According to a 2023 LinearB report on developer velocity, engineering teams lose an average of 31.6% of their active coding hours each week waiting on CI, builds, and deploy queues (source). That’s nearly 1.5 days per week wasted.
As one developer on r/github put it:

This post breaks down how teams at scale can cut through that bottleneck using Parallel CI and Batch CI runs. These are not vague process suggestions, they’re architectural shifts in how CI pipelines are built and triggered. We’ll show why sequential pipelines are a drag on throughput, and how smarter concurrency transforms CI from a blocker to a multiplier.

The CI Bottleneck in High-Throughput Teams
Imagine a toll booth with only one lane, and you’ve got 50 cars arriving at once. That’s your typical CI pipeline in a busy engineering team: serialized, overloaded, and backed up fast. As more developers push simultaneously, especially around release windows or sprint cutoffs, the pipeline becomes the bottleneck, not the code quality.
When CI runs in a strictly serialized fashion, every push waits for the previous job to finish. This naturally leads to queue congestion, where even small commits sit in limbo behind longer test runs. Engineers who just want to validate a one-line config change are stuck waiting behind full-stack E2E test suites from a different team.
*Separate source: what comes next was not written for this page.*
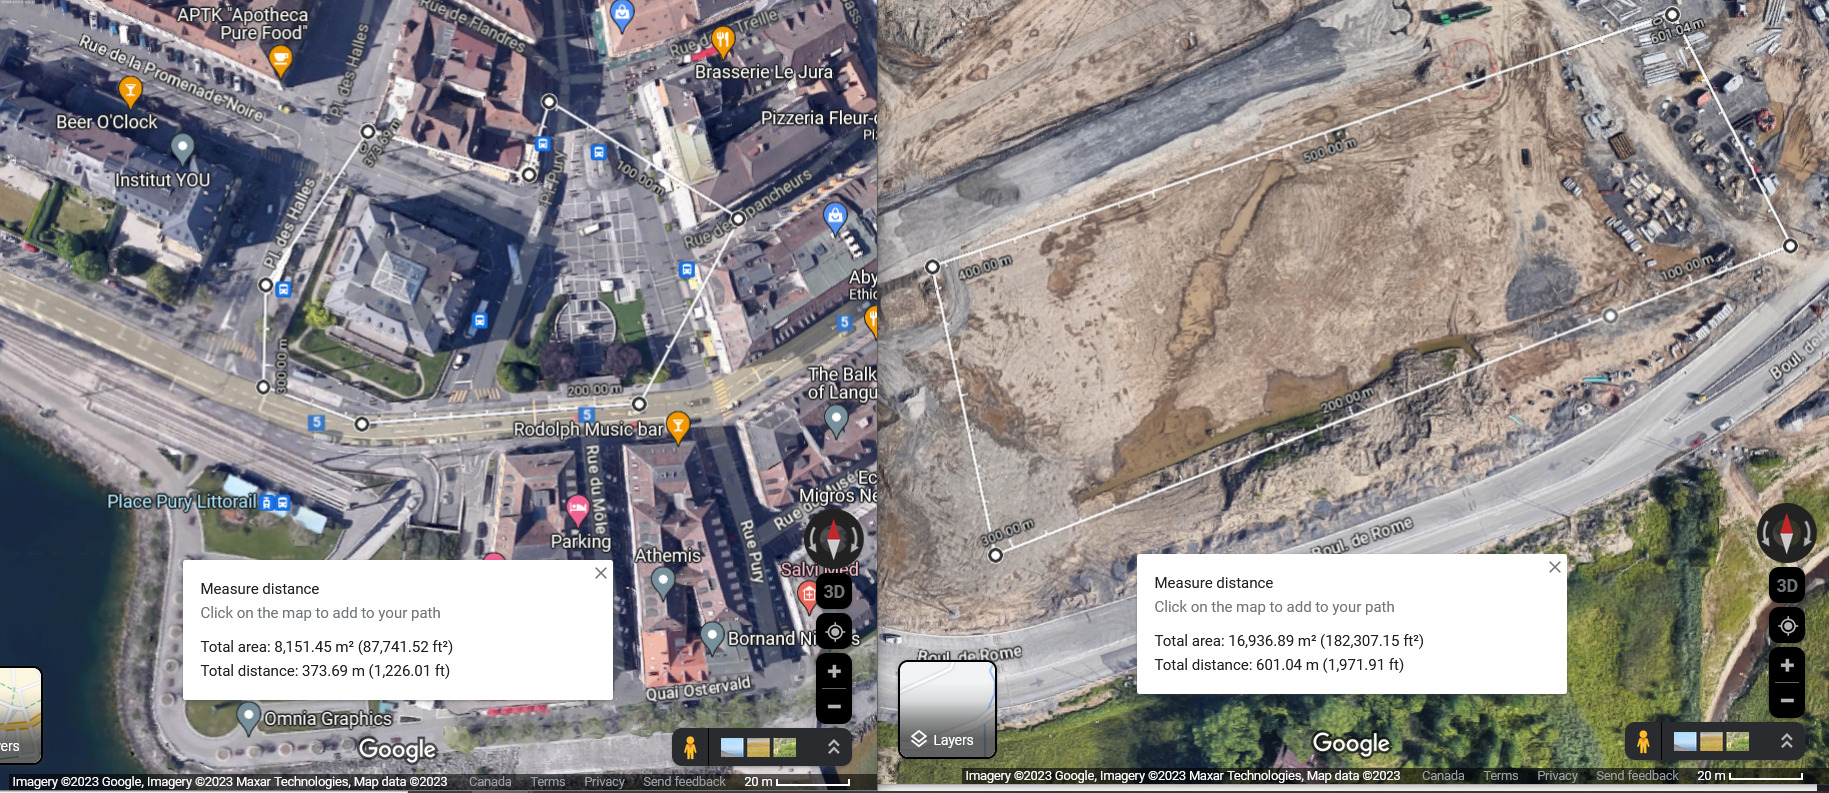 screenshot comparant deux terminus sur g maps à la même échelle. L'un est un carré en chantier, l'autre est intégré au mileu d'une place piétonne du centre ville.

Merge velocity takes a direct hit. Developers either wait altogether (“CI is jammed again”) or start gaming the system, merging without full tests, batching unrelated commits, or running tests locally and skipping CI altogether. These workarounds introduce risk and fragility into production pipelines.
Merge conflicts become more common, too. If multiple branches are queued behind slow CI runs, the trunk gets updated several times in the interim. Rebase pain increases, especially in monorepos where a single shared pipeline governs dozens of services. By the time your CI finally finishes, your code may already be stale.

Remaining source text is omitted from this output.